Artist News Legal Top Stories

Pussy Riot two freed under Russian’s amnesty law

By | Published on Monday 23 December 2013

Pussy Riot

As expected, the two jailed members of punk protest group Pussy Riot have been released from prison just in time for Christmas as part of an amnesty bill recently pushed through the Russian parliament by President Putin.

The clemency legislation was officially written to celebrate the 20th anniversary of Russia’s post-Soviet constitution, though many see it as a bid by the Russian government to put to bed various controversial prosecutions that have occurred in the country in recent years ahead of next February’s Winter Olympics. Presumably the hope is that, with many political prisoners freed, Russian spin-doctors can focus their efforts instead on countering international opposition expected during the big winter sports fest to the country’s recent anti-gay legislation.

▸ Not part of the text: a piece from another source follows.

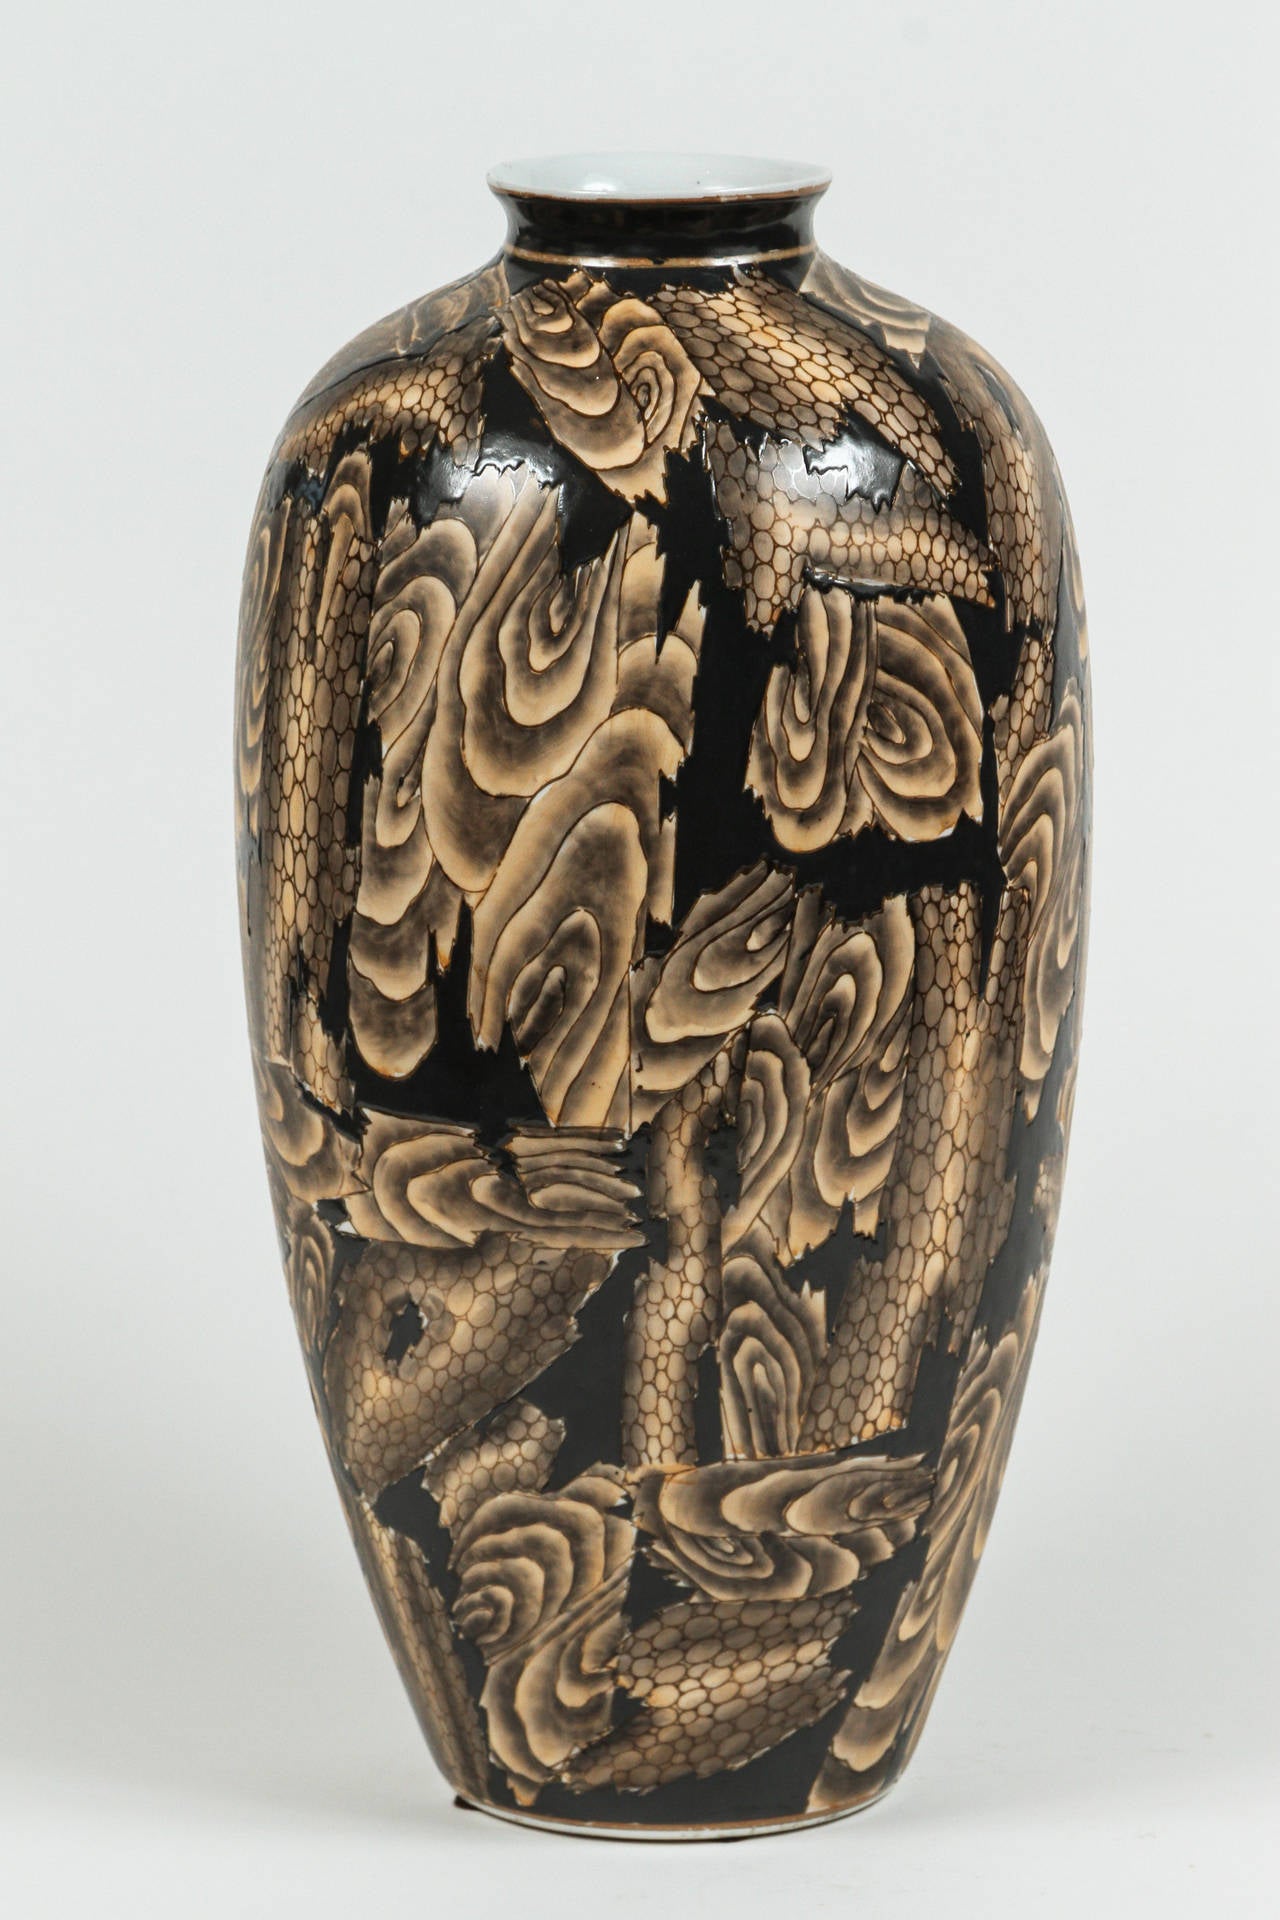 Grand vase japonais très unique avec un motif abstrait dans une variété de tons bruns. La glaçure brune la plus profonde est en relief, ce qui confère au vase une merveilleuse texture tactile.

Either way, neither Pussy Riot members, Nadezhda Tolokonnikova and Maria Alyokhina, were especially pleased with the circumstances of their early release, which they have dubbed a pre-Olympics “PR stunt”. As it was, the two women, jailed for their part in an anti-Putin protest performance in a Moscow church in early 2012, were nearing the end of their jail sentences anyway, and their prosecution and jailing has been called into question by the Russian Supreme Court.

Whereas another high profile Putin opponent let out of jail by the amnesty law, businessman Mikhail Khodorkovsky, has been pretty conciliatory since his release last week, the husband of Tolokonnikova has told the BBC of his wife and fellow jailed Pussy Riot member “the only thing they have acquired over their two years in prison is their confidence to continue fighting Putin’s regime even harder”.

Tolokonnikova herself said after being freed from the Siberian jail that she had recently been moved to: “They [the government] just put on another show ahead of the Olympics, such is their big desire to prevent all European countries from boycotting our Russian Olympics. But let us remember about all those people who are not much talked about and are even forgotten but who still need to come out of their jails as they don’t belong there”.

Earlier, Alyokhina called the way she had been released “a profanation” and “a PR exercise”, adding: “If I had a choice to refuse [the amnesty], I would have, without a doubt”.

The two women are now expected to consult other human rights groups about future protests, including a campaign to call for prison reform in Russia.